President Guebuza addressed the nation on television in the wake of the demonstrations, saying that he understood the anger of the people over rising prices, but was upset about the violence of the protests. “It is sad that people used the right to demonstrate peacefully to turn it into violent protests….The government is aware of the poverty of the people. Combating poverty is part of the government’s five year plan”.

Guebuza had been re-elected in the October 2009 elections, with 75% of the vote; however, only 44% of the electorate had turned out for the elections.

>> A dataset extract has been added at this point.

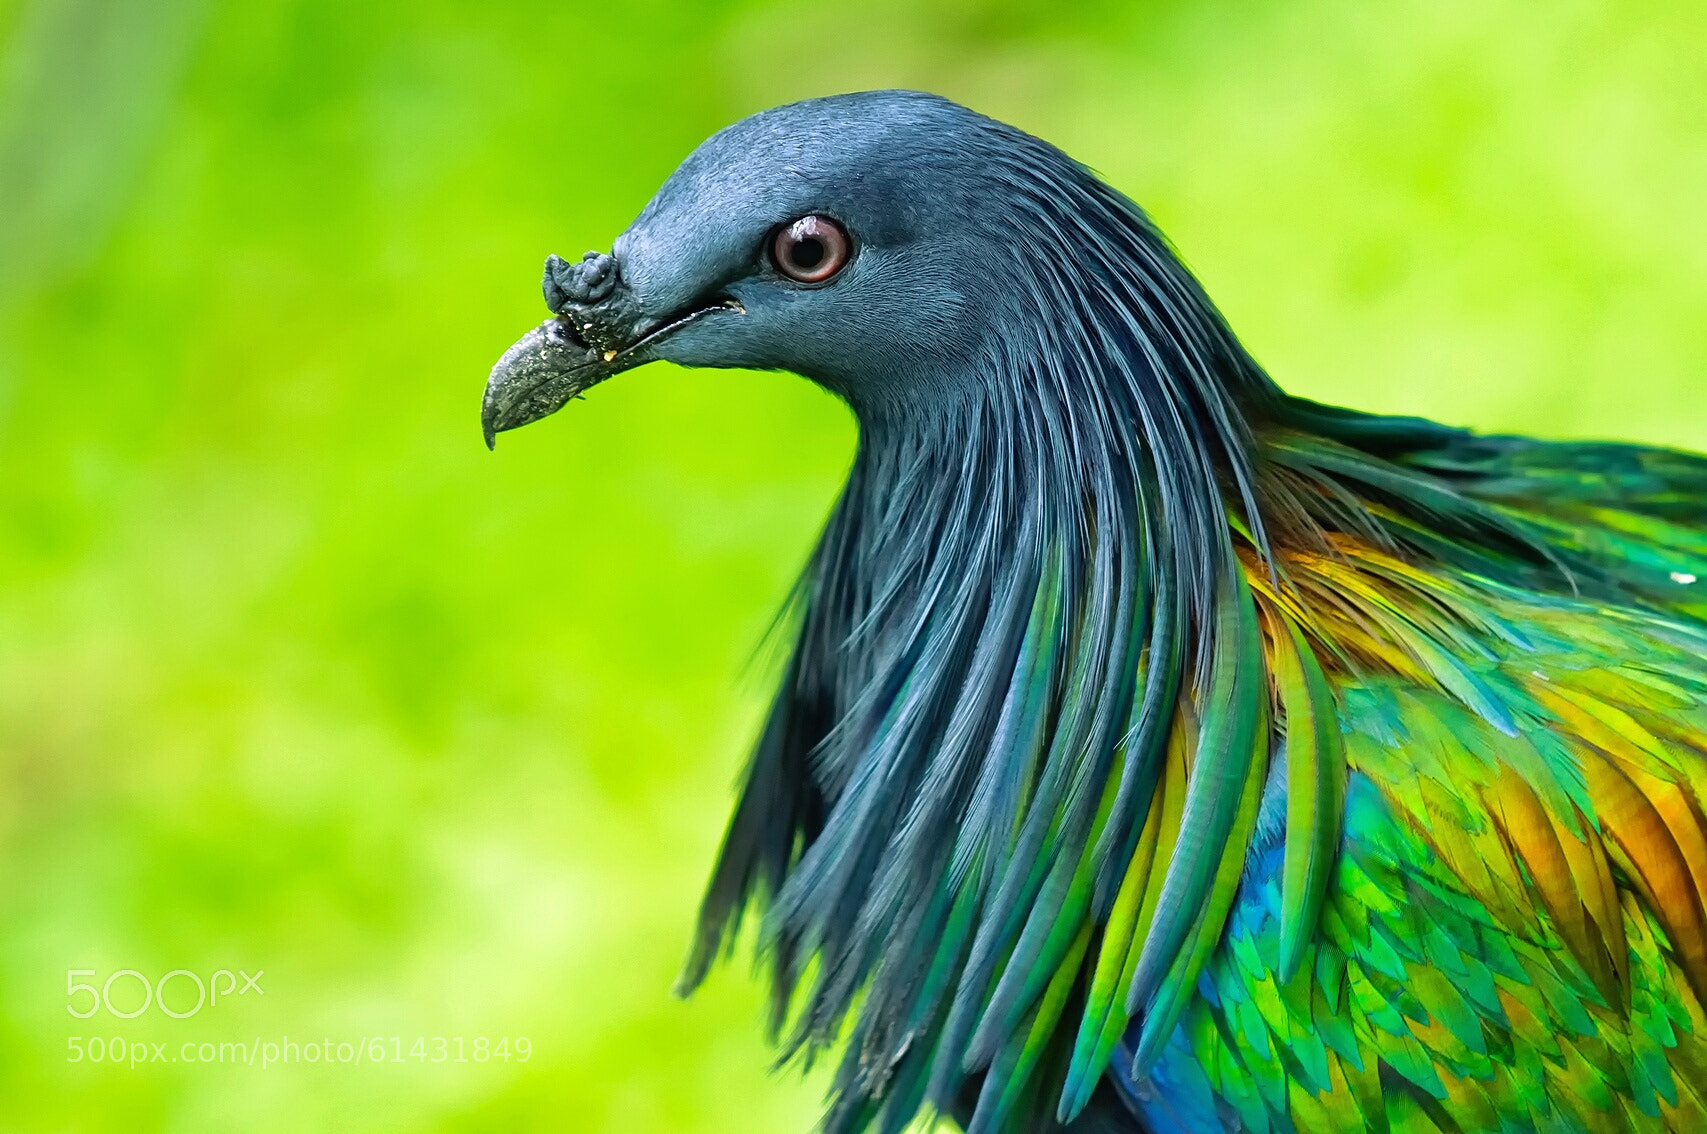 ... Creatures - Odd on Pinterest | Mammals, Endangered Species and Extinct Endemic Species Nicobar Pigeon

Significantly, it was the government-run Mozambique News Agency (AIM), which pushed the line that demonstrators interviewed on television “were clearly drunk”, that led to international journalists describing the demonstrations as “alcohol-fuelled”. That agency also said the hikes in electricity price, in a country where only 14% have access to electricity, was “a most unconvincing excuse for a riot”. What the demonstrations showed was that the people of Mozambique clearly reject the increases in the price of bread, and thankfully for Mozambique, there was no Marie Antoinette to urge the Maputo poor to eat cake instead, as the noble woman urged the Parisian poor on the eve of the French Revolution of the 18th Century. But as THE ECONOMIST magazine noted the ruling regime “will need clever juggling to appease Mozambique’s poor and angry majority as well as foreign aid-givers and investors”; it is a dexterous act that most regimes in the neo-colonial world find very difficult to master. That is the lesson which the bread riot of the past couple of days has taught in Mozambique.